Restate the records that follow word for word. Omit the images.

INFORMATION GIVEN ▸
::::

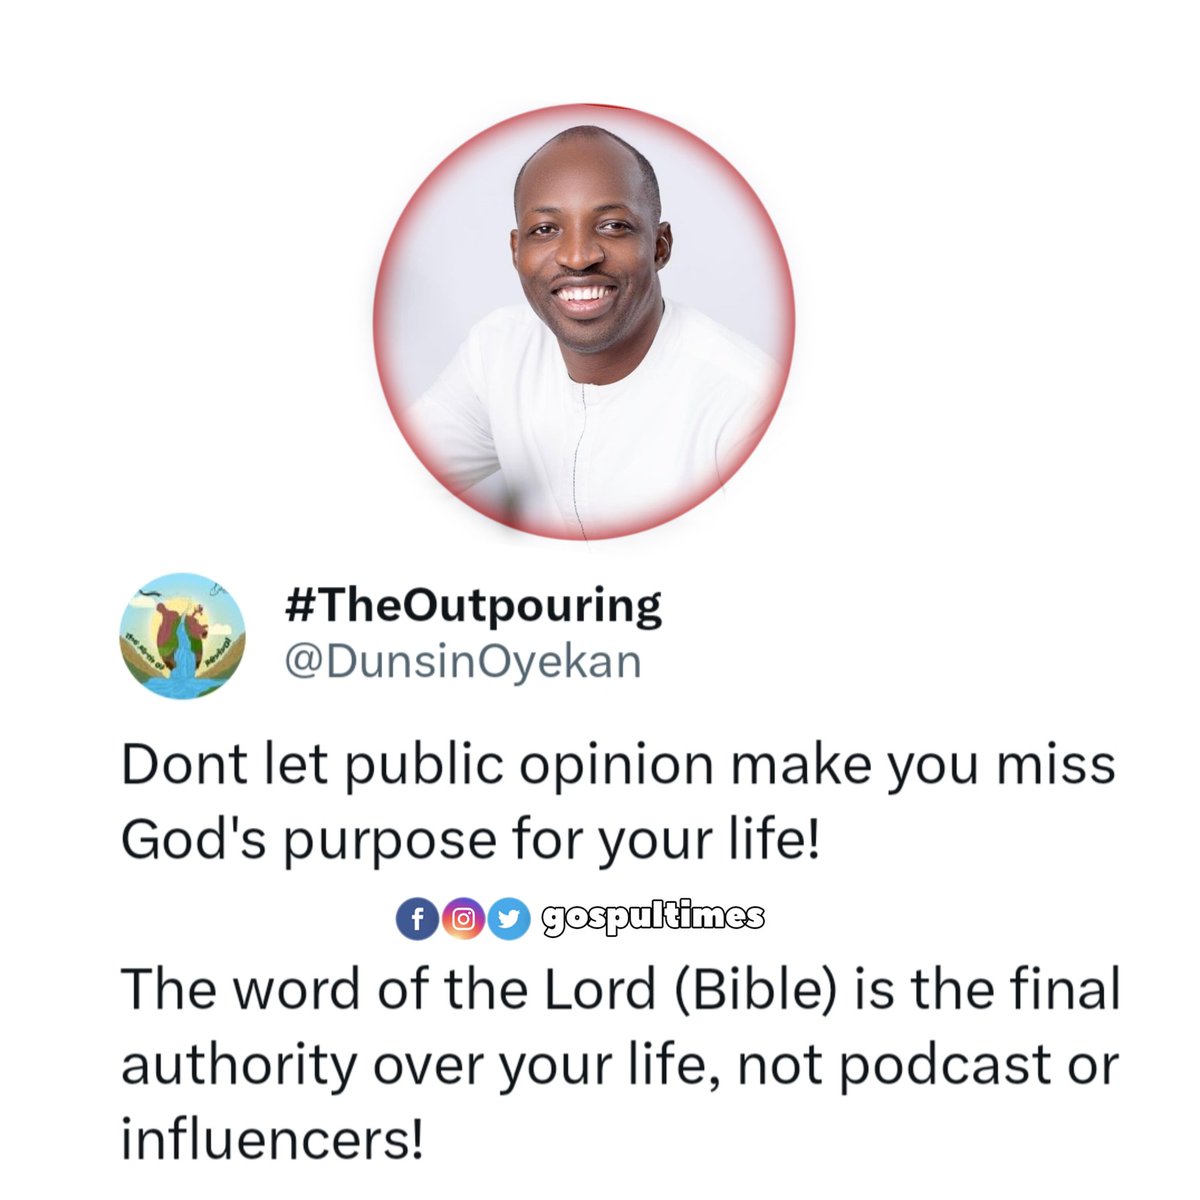 Don't let public opinion make you miss God's purpose for your life! - Min Dunsin Oyekan 

Follow @gospultimes 
.
.
#gospeltruth #gospeltalk #gospel #gospultimes
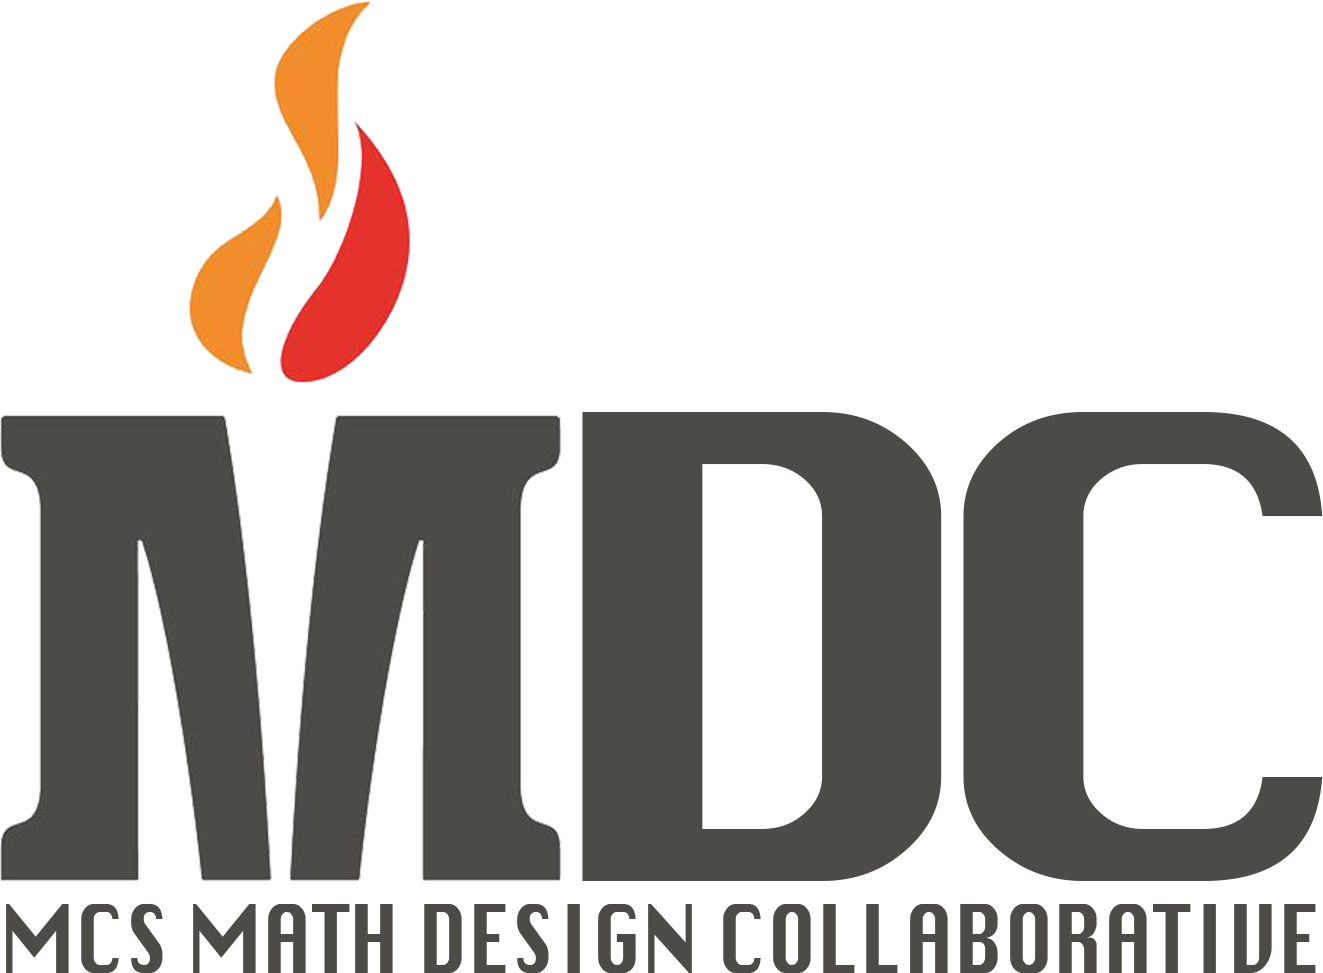 Math Design Collaborative Logo

::::

RESPONSE TO THE EXERCISE ▸
 Don't let public opinion make you miss God's purpose for your life! - Min Dunsin Oyekan 

Follow @gospultimes 
.
.
#gospeltruth #gospeltalk #gospel #gospultimes
 Math Design Collaborative Logo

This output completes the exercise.